Nach über 40 Jahren kieferorthopädischer Praxis blicke ich heute im Jahr 2007 fasziniert und voller Anerkennung auf die gewaltige Entwicklung und die Fortschritte der europäischen Kieferorthopädie zurück.

Es war der offenkundige Rückstand in der Behandlung mit festsitzenden Apparaturen in unserem Teil der Welt, der in den frühen Sechzigerjahren des 20. Jahrhunderts zur Gründung der Angle Society of Europe (ASE) durch Dr. Ernst Hösl (Deutschland) und Dr. Juan Canut (Spanien) führte. Beide hatten ihre kieferorthopädische Ausbildung in den Vereinigten Staaten von Amerika erhalten. Die weltweite Vormachtstellung der amerikanischen Kieferorthopädie war zu jener Zeit unbestritten und amerikanische Kieferorthopäden hatten den Eindruck, sie wären ihren Kollegen aus anderen Ländern um Lichtjahre voraus. Damals verwendete die Mehrzahl der europäischen Kieferorthopäden bei der Behandlung ihrer Fälle herausnehmbare Geräte. Die Gründer der ASE waren der Ansicht, dass sich die praktische Kieferorthopädie dadurch voranbringen ließe, dass die führenden Kieferorthopäden Spaniens, Deutschlands und Norwegens zusammenkämen, voneinander lernten, sich gegenseitig inspirierten und sich auf diese Weise die Verwendung von festsitzenden Apparaturen in ganz Europa fördern ließe.

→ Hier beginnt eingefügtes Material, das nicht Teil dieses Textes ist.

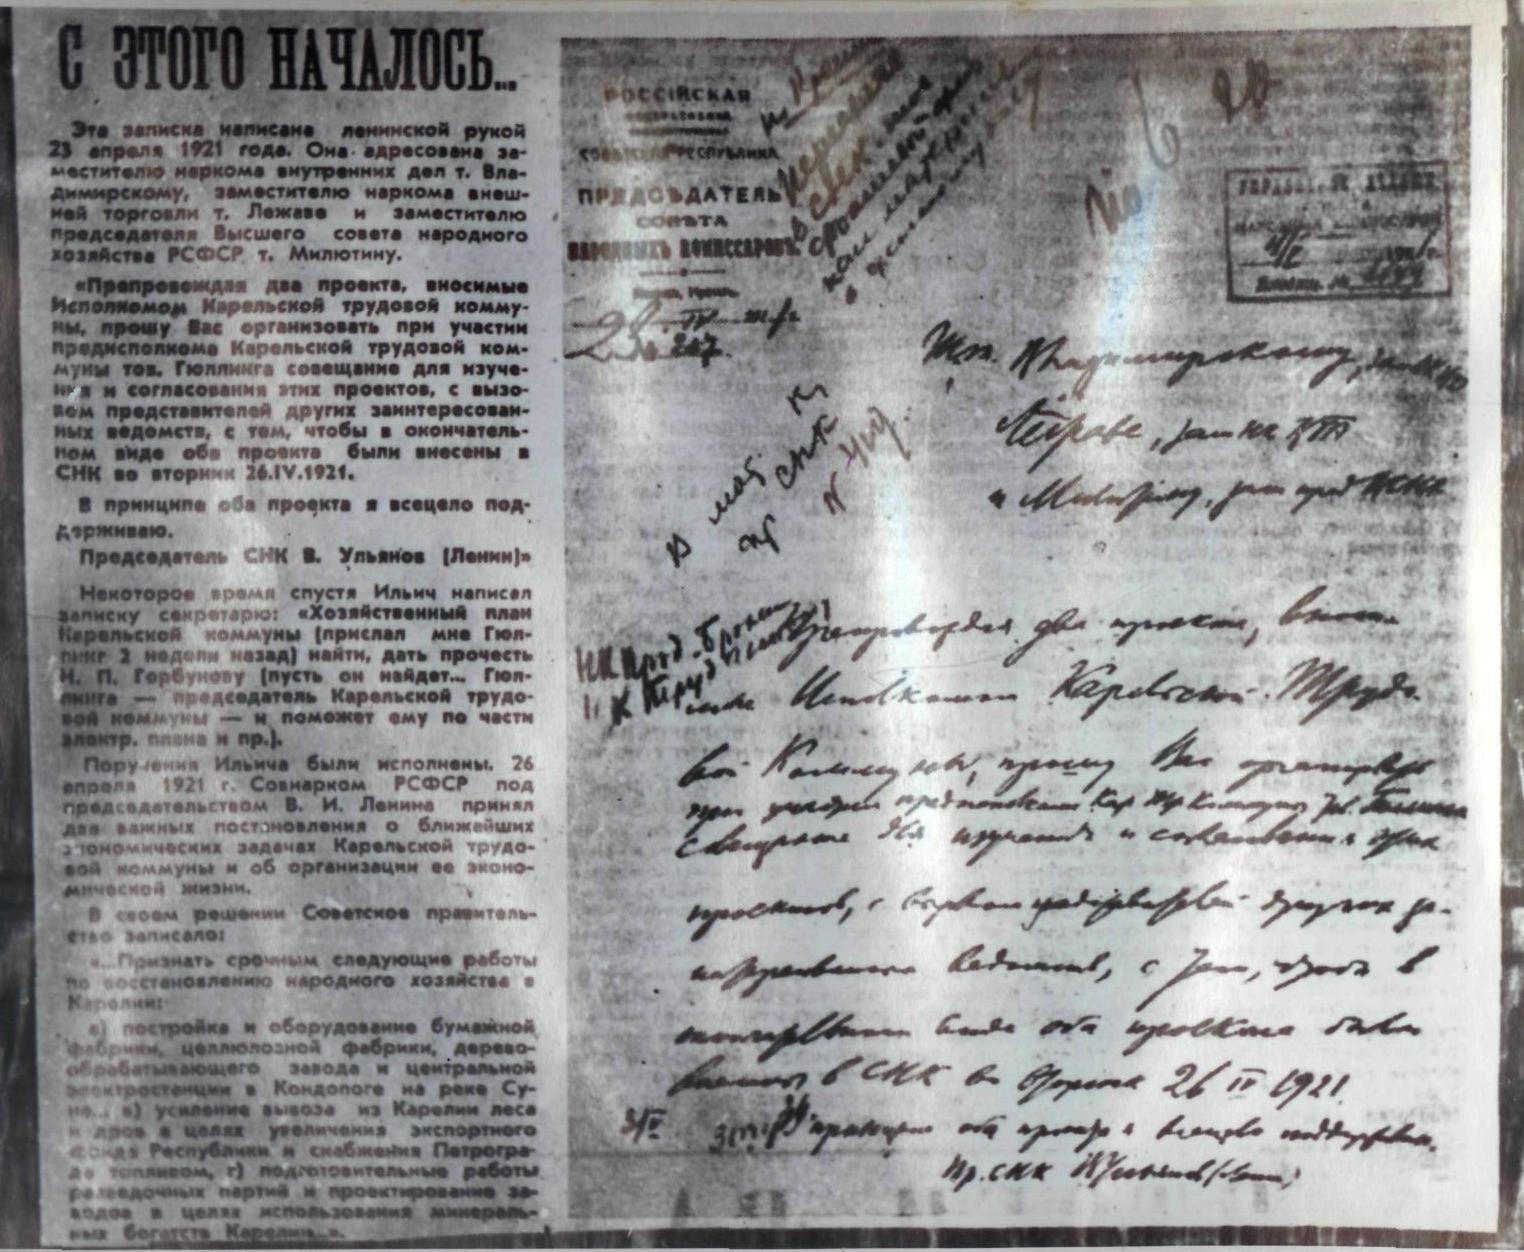 Copy of V. Lenin's resolution: "Generally, I fully support both projects. V. Ulyanov (Lenin)"
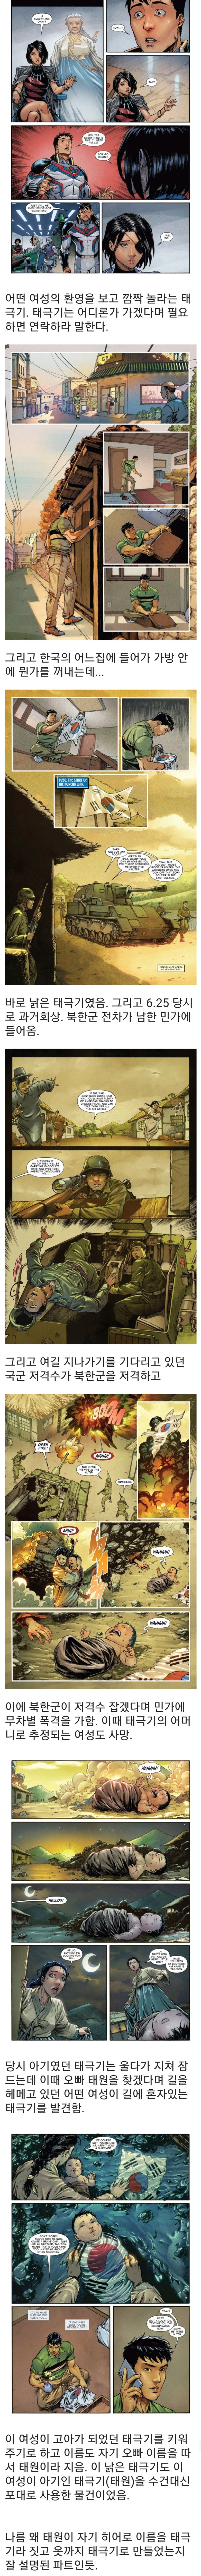 마블)한국인 히어로 ''태극기''의 기원

Aufgrund ihrer erfolgreichen Entwicklung und ihres Einflusses war die ASE an der stetigen Verbesserung der europäischen Kieferorthopädie beteiligt und heute befindet sich hier die Behandlung mit festsitzenden Geräten auf einem hervorragenden Niveau. Dies bedeutet, dass die Vormachtstellung der Kieferorthopädie in den USA von führenden Kieferorthopäden und den Entwicklungen in Europa und Asien (wo bekanntlich die Minischrauben als alternative Verankerung erstmals eingesetzt wurden) herausgefordert und teilweise sogar überflügelt wird. Blättert man heute in den verschiedenen kieferorthopädischen Zeitschriften, so ist es auffällig und bemerkenswert, wie viele der klinischen Beiträge aus europäischen oder asiatischen Universitäten kommen. Offensichtlich haben wir in Europa eine große Gruppe junger und talentierter Praktiker und das Niveau der europäischen Kieferorthopädie wird allgemein als sehr hoch eingeschätzt. Beim diesjährigen Kongress der American Association of Orthodontists in Seattle, WA, spielten einige europäische Kieferorthopäden eine herausragende Rolle und hielten vor großem Publikum ausgezeichnete Vorträge.

Das überraschte mich nicht. Während der vergangenen Jahre wurde ich bei internationalen Treffen und Kongressen wiederholt von dem hohen Maß an Kompetenz und den viel versprechenden Fähigkeiten vieler junger europäischer Kieferorthopäden beeindruckt. Diese Praktiker sind auf dem besten Wege oder zählen bereits zu den in unserer Profession weltweit führenden Persönlichkeiten. Die bloße Erwähnung einiger dieser Kollegen und ihrer Forschungsschwerpunkte ergeben eine eindrucksvolle Liste:

Marco Rosa (Italien) arbeitet an der Verbesserung der kieferorthopädischen Verfahren zum Lückenschluss bei fehlenden seitlichen Schneidezähnen durch die Kombination von Methoden aus der ästhetischen Zahnheilkunde und exzellenter und sorgfältiger kieferorthopädischer Behandlung.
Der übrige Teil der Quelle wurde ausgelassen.